**What needs to be done**
Look in the material below for the line with "Delegationsbeslut Datum Diarienummer" and the line with "David Bach cartoon with animal ears", then set down exactly those two lines and all lines between, nothing more.

**Given data**
>>
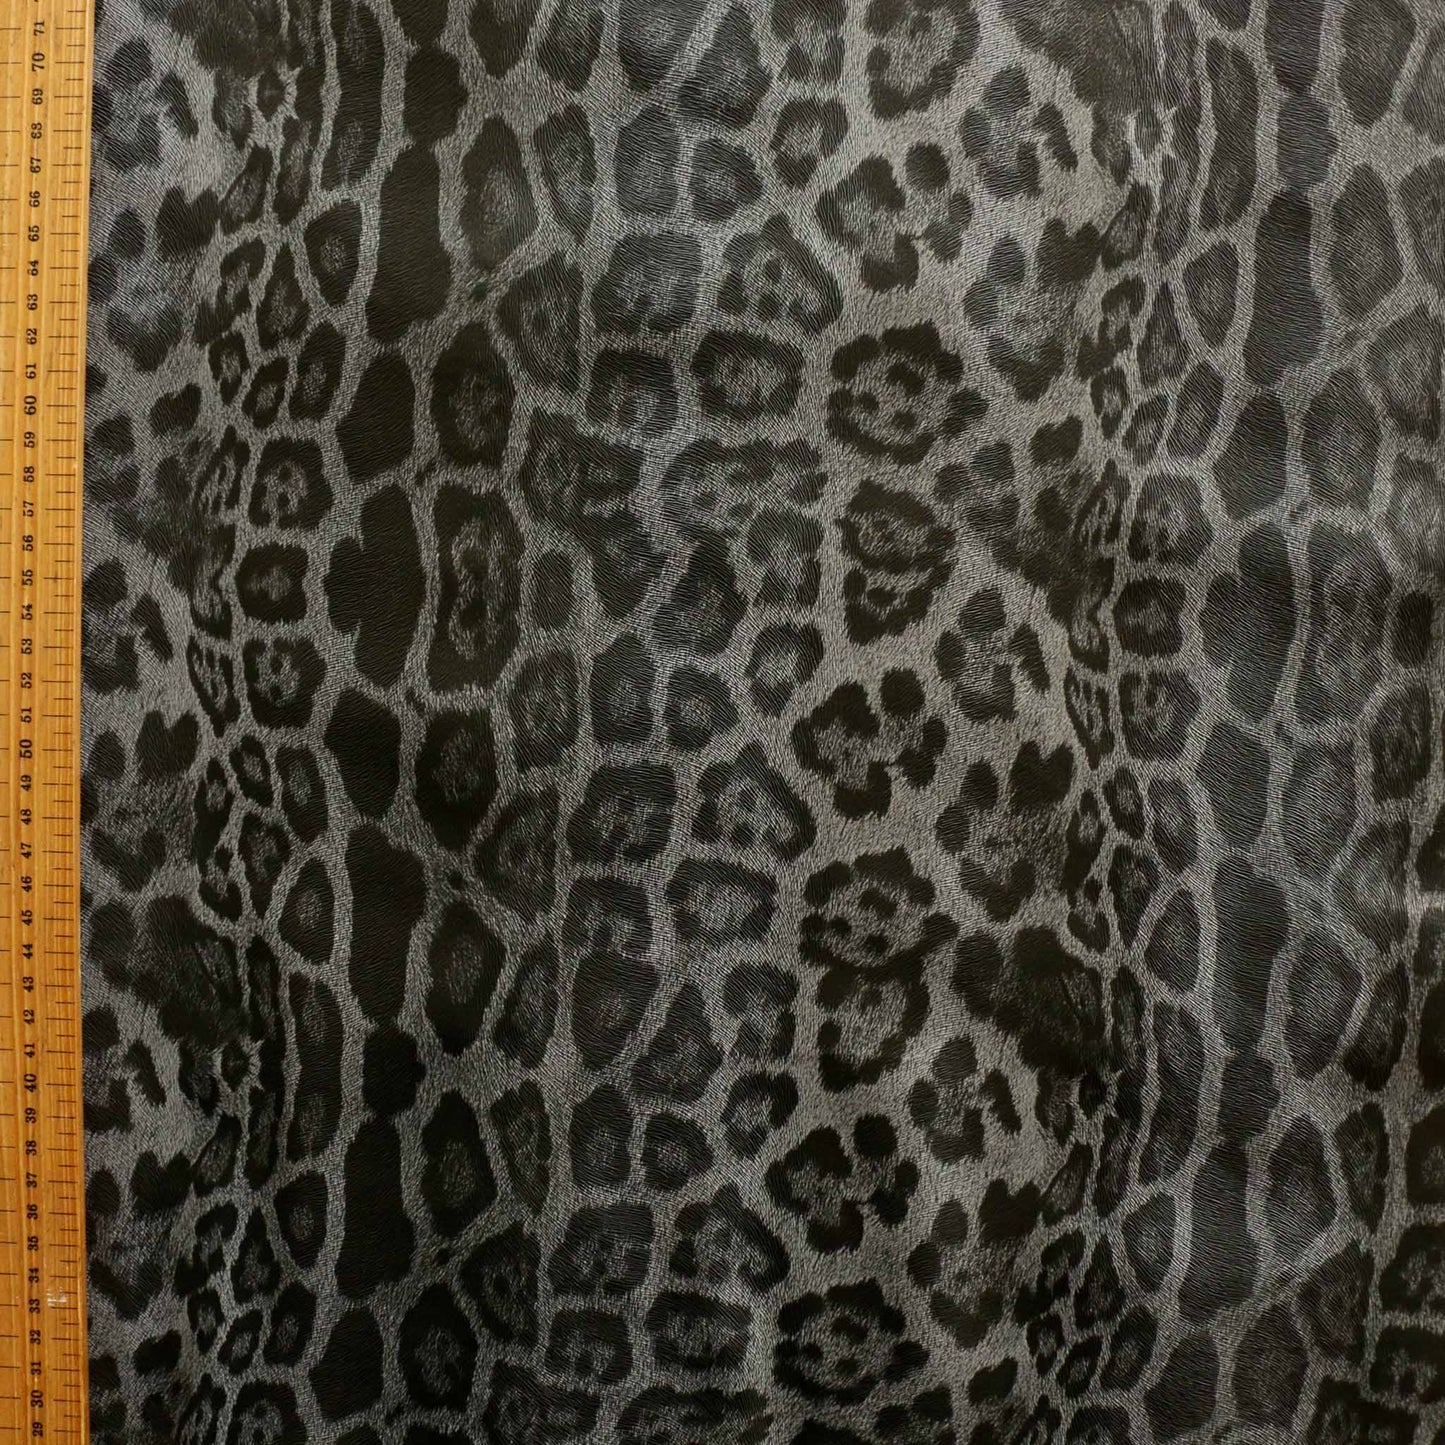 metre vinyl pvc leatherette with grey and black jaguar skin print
<<
>>
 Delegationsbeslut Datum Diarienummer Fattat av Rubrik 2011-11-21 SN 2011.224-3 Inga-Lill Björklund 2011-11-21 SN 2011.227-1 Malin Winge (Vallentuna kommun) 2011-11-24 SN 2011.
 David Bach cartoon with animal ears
<<
>>
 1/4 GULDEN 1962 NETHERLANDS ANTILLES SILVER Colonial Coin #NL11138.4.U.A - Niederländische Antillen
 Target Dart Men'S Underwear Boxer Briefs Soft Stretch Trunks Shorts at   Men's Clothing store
<<
**Output below**
 Delegationsbeslut Datum Diarienummer Fattat av Rubrik 2011-11-21 SN 2011.224-3 Inga-Lill Björklund 2011-11-21 SN 2011.227-1 Malin Winge (Vallentuna kommun) 2011-11-24 SN 2011.
 David Bach cartoon with animal ears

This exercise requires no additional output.